> **Goal of the exercise**: Starting with the line containing "Night view of" and going on through the line containing "French pear |", return the lines of the data below exactly, and only those.

> **Exercise data**:
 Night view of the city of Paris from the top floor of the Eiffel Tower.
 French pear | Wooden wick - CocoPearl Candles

* * *

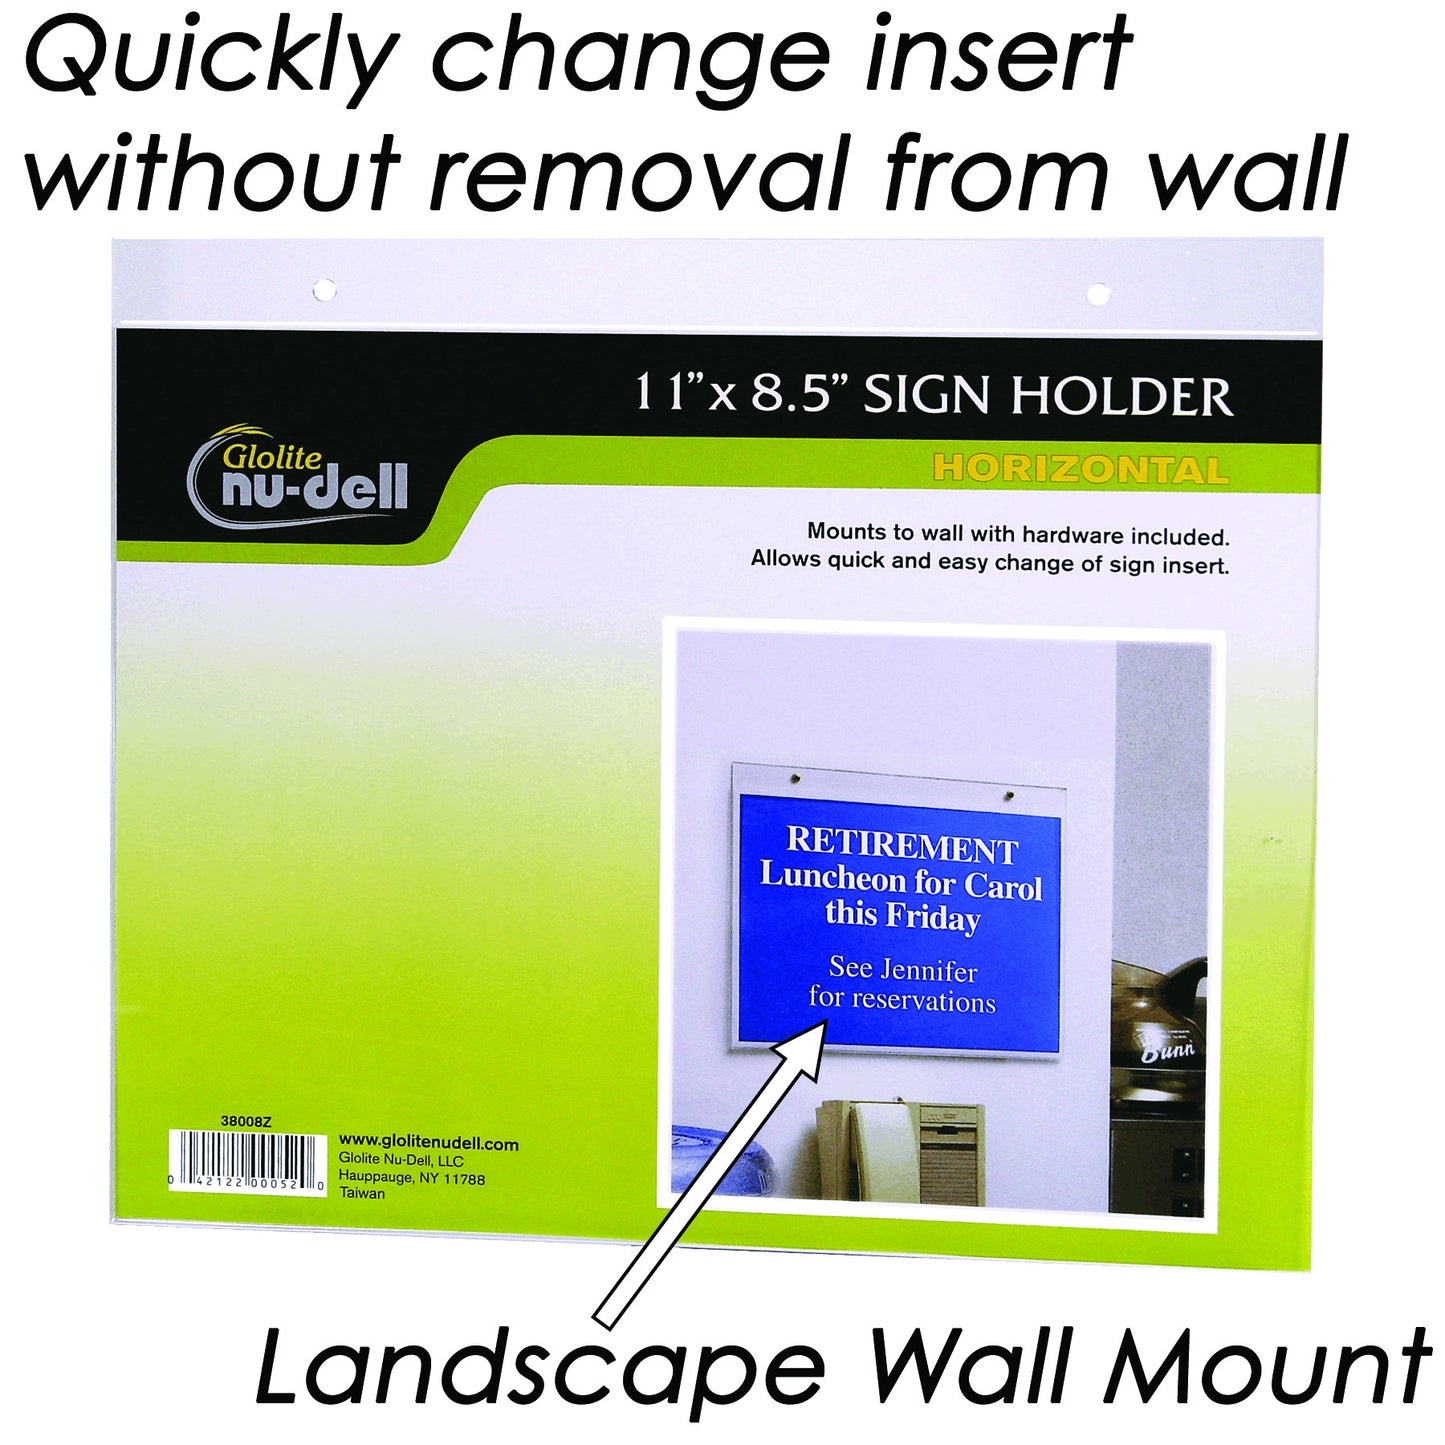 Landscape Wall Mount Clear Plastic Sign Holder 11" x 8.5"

> **Written solution**:
 Night view of the city of Paris from the top floor of the Eiffel Tower.
 French pear | Wooden wick - CocoPearl Candles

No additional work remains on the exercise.